TASK ITEM —
Would you copy only the lines below, from the one containing "Ботинки берцы Зимние" through the very last one, leaving the pictures out?

DATA EXTRACT —
★ ★ ★ ★ ★ ★ ★

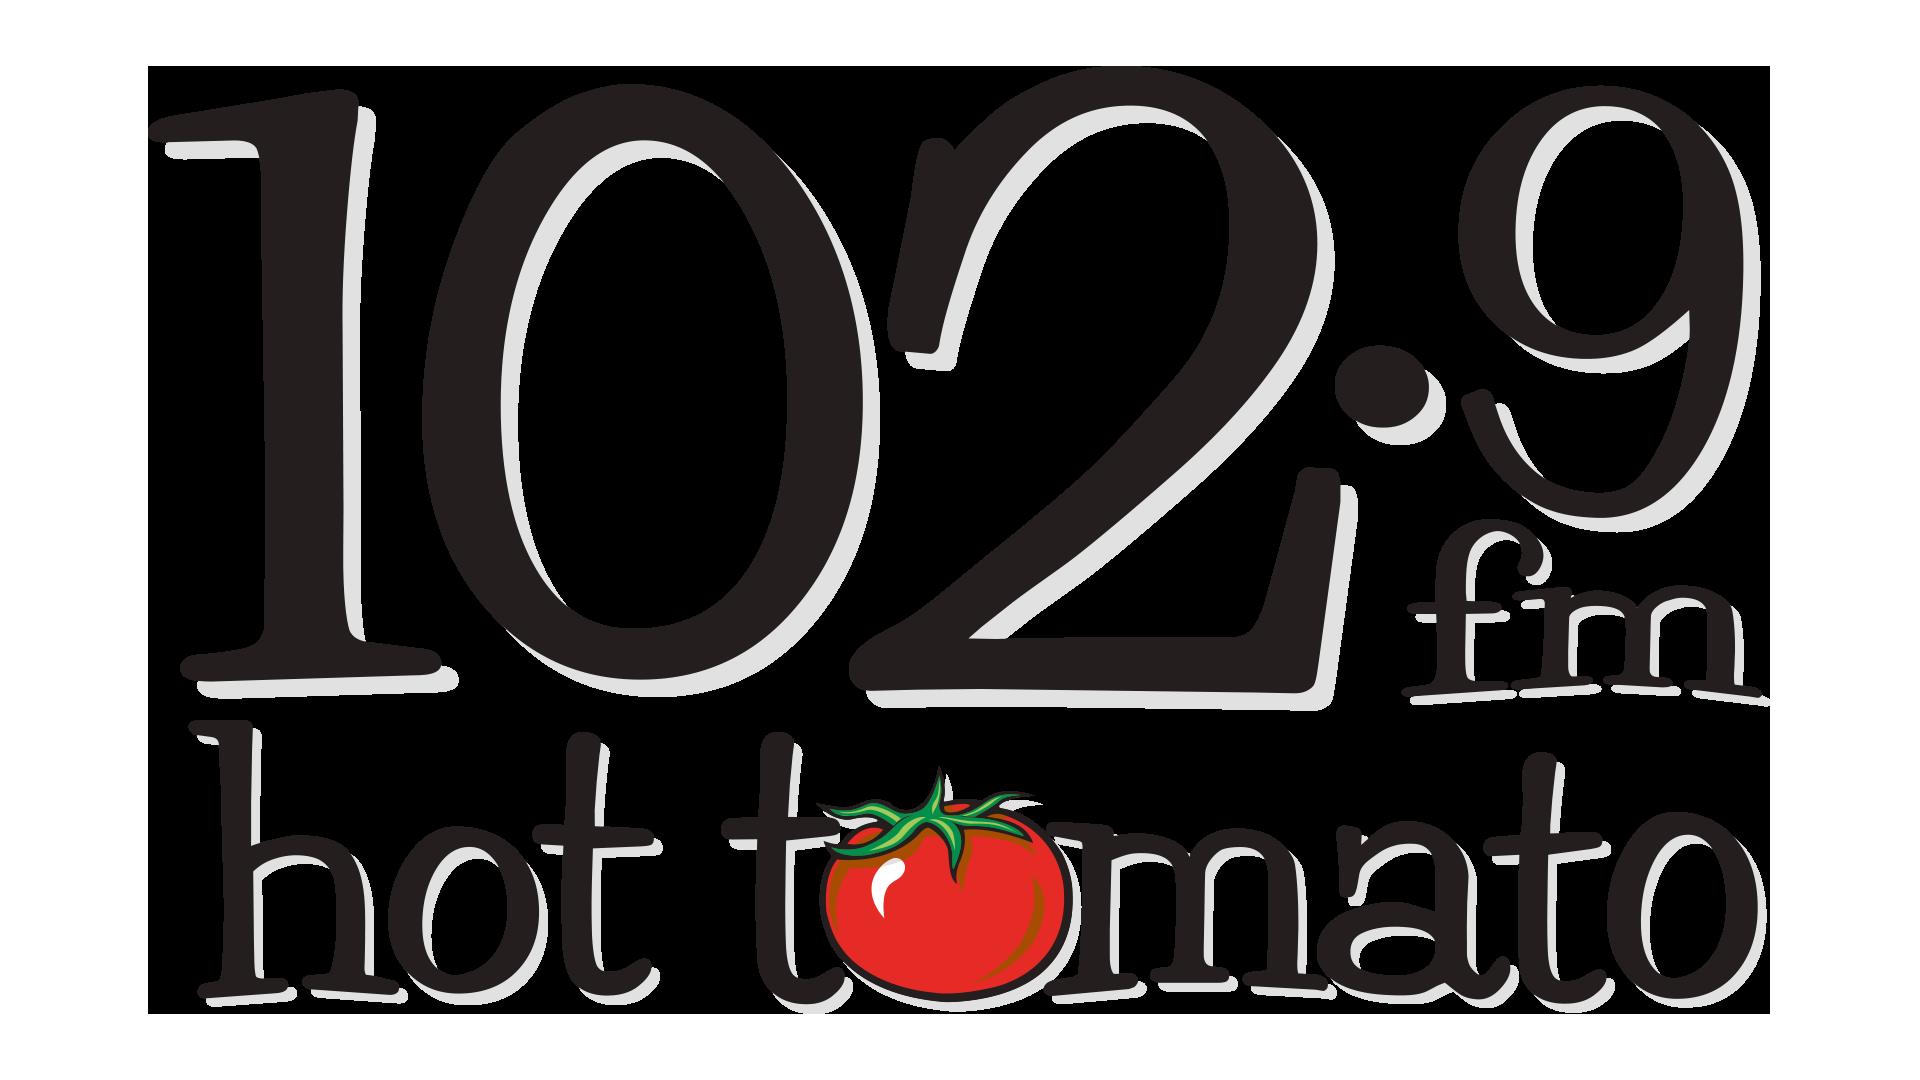 Hot Tomato 102.9
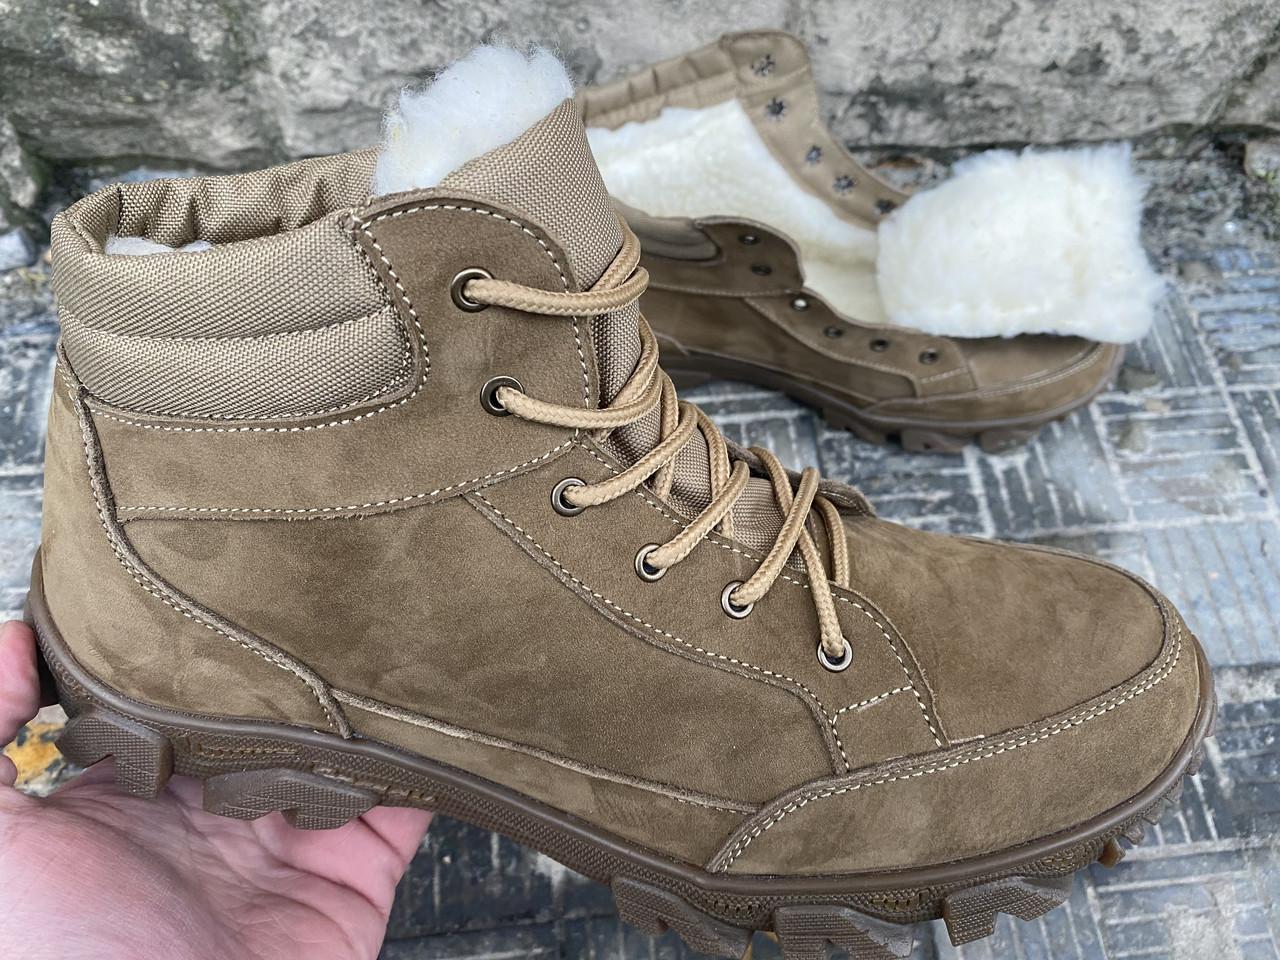 Ботинки берцы Зимние из натуральной кожи и меха ботинок бежевый энерджи
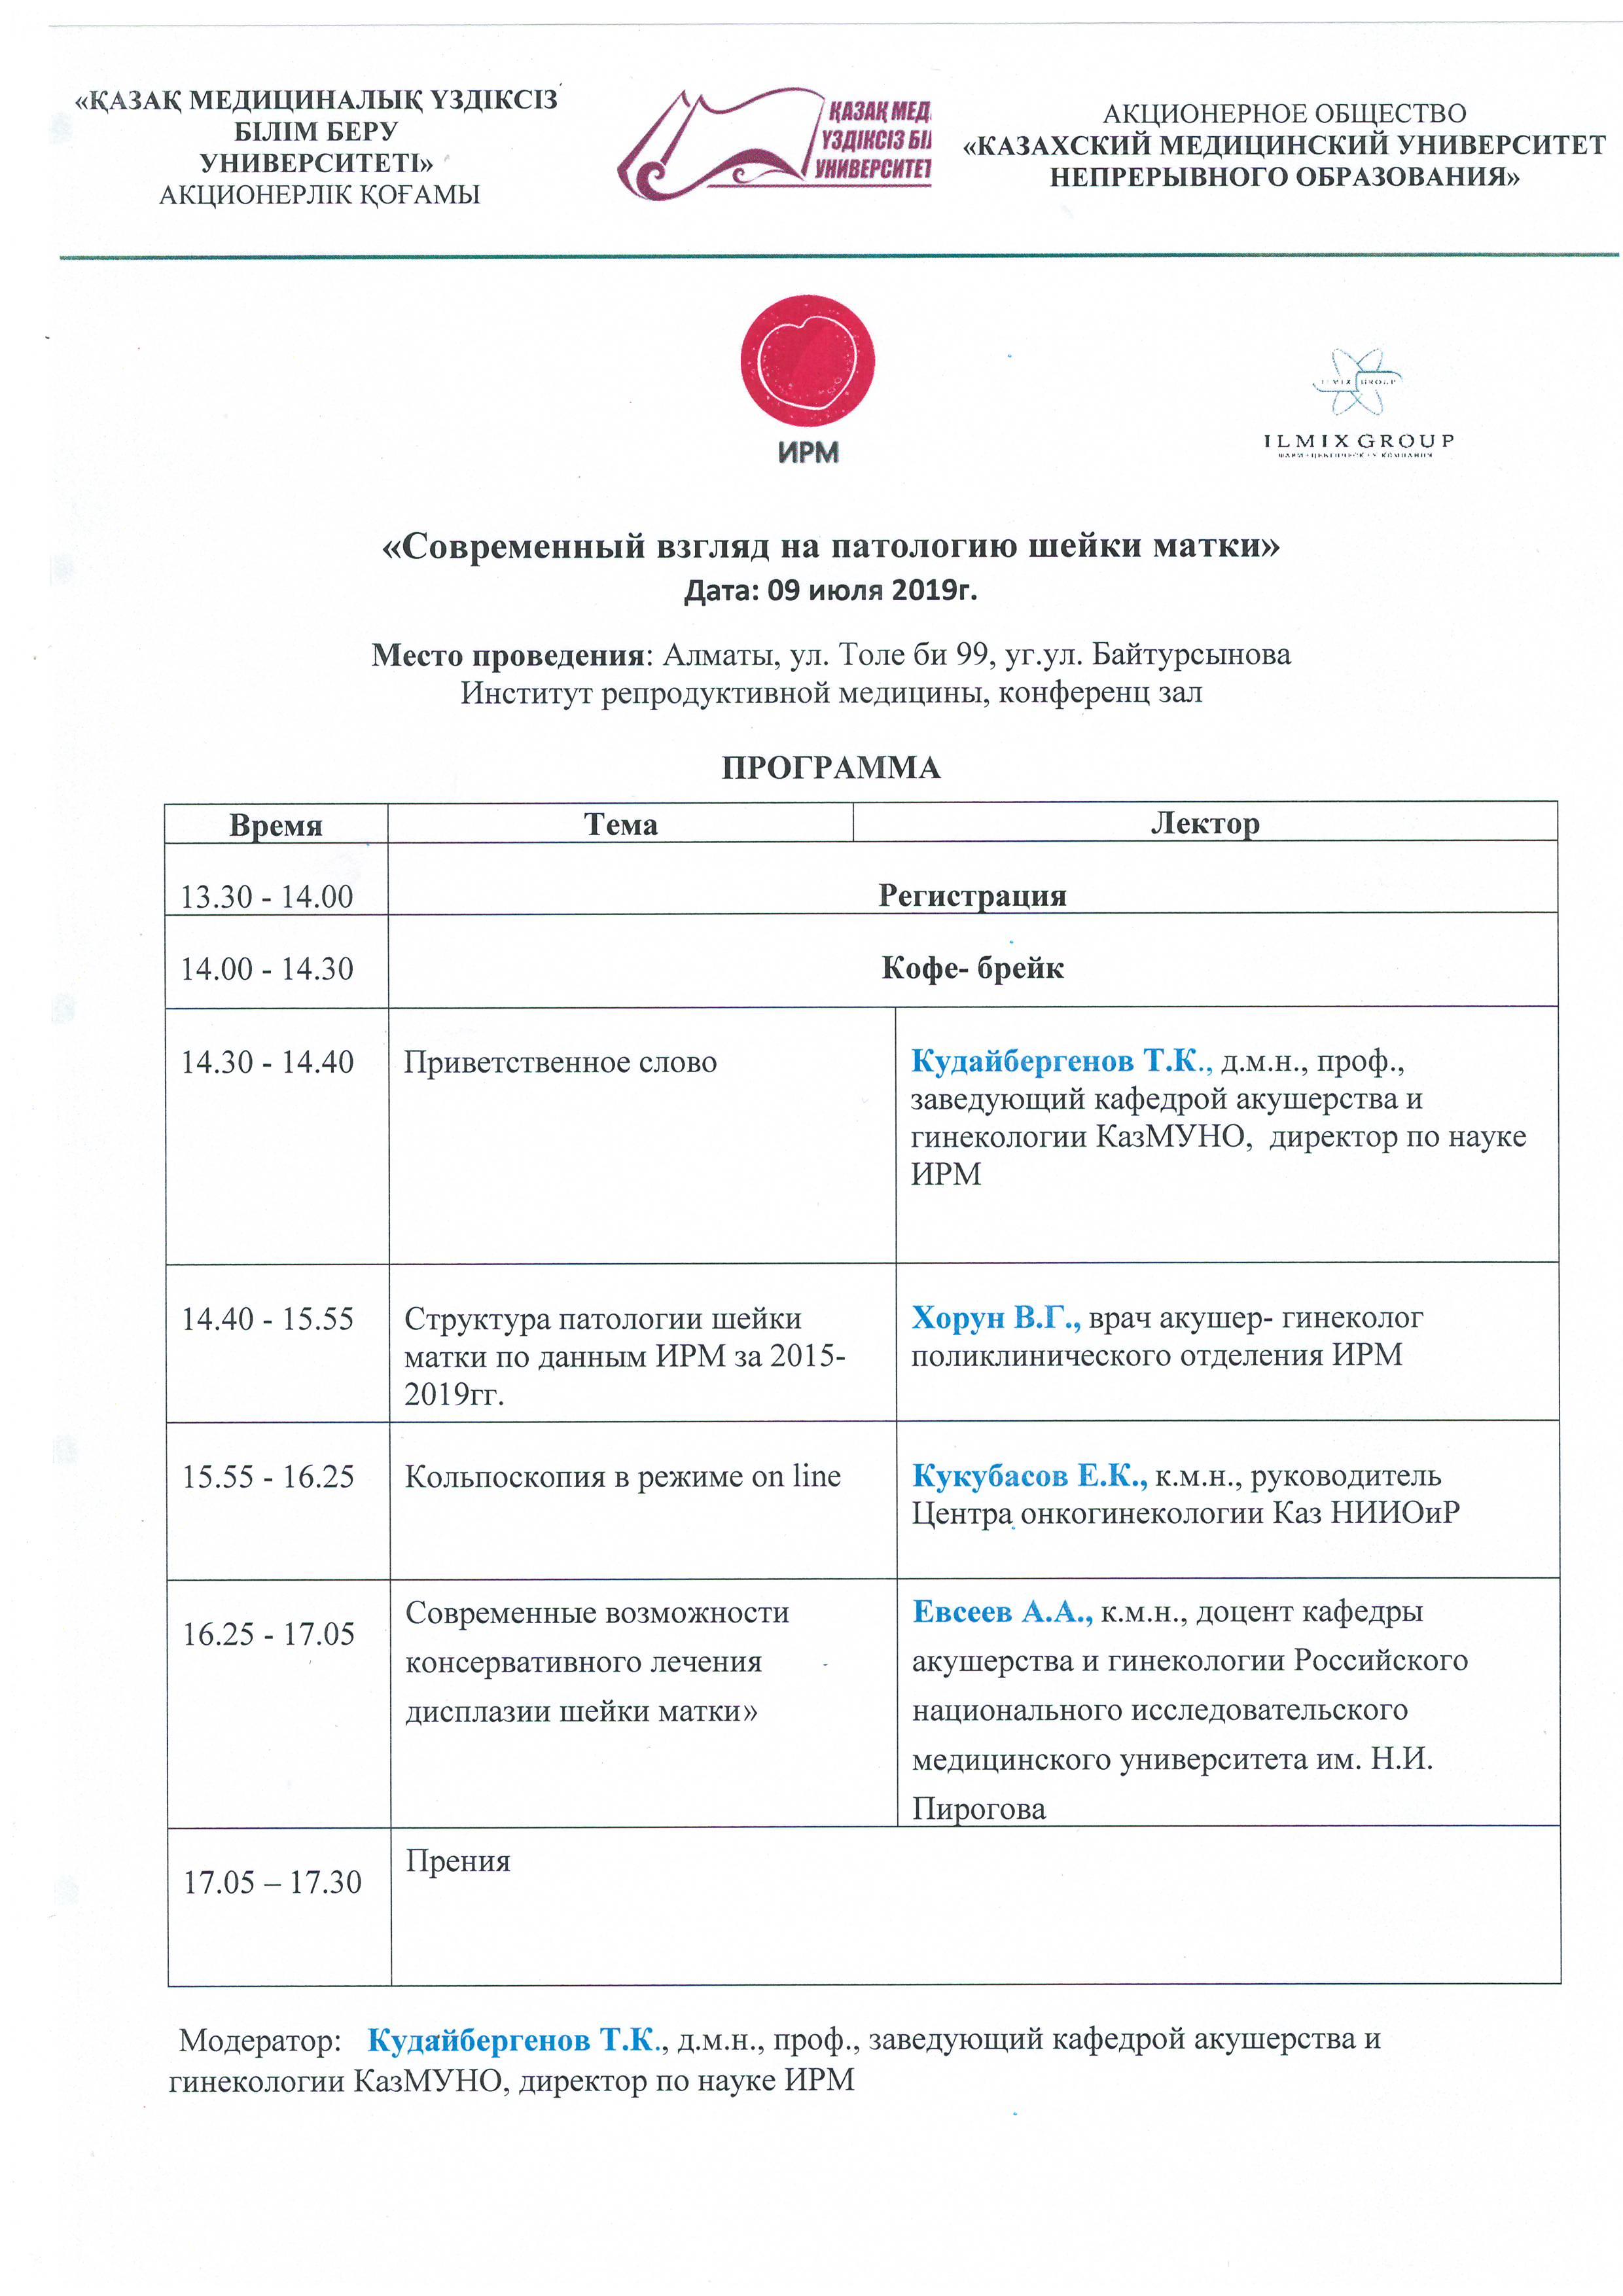 9 июля конференция «Современный взгляд на патологию шейки матки» фото

★ ★ ★ ★ ★ ★ ★

REPLY TO THE TASK —
 Ботинки берцы Зимние из натуральной кожи и меха ботинок бежевый энерджи
 9 июля конференция «Современный взгляд на патологию шейки матки» фото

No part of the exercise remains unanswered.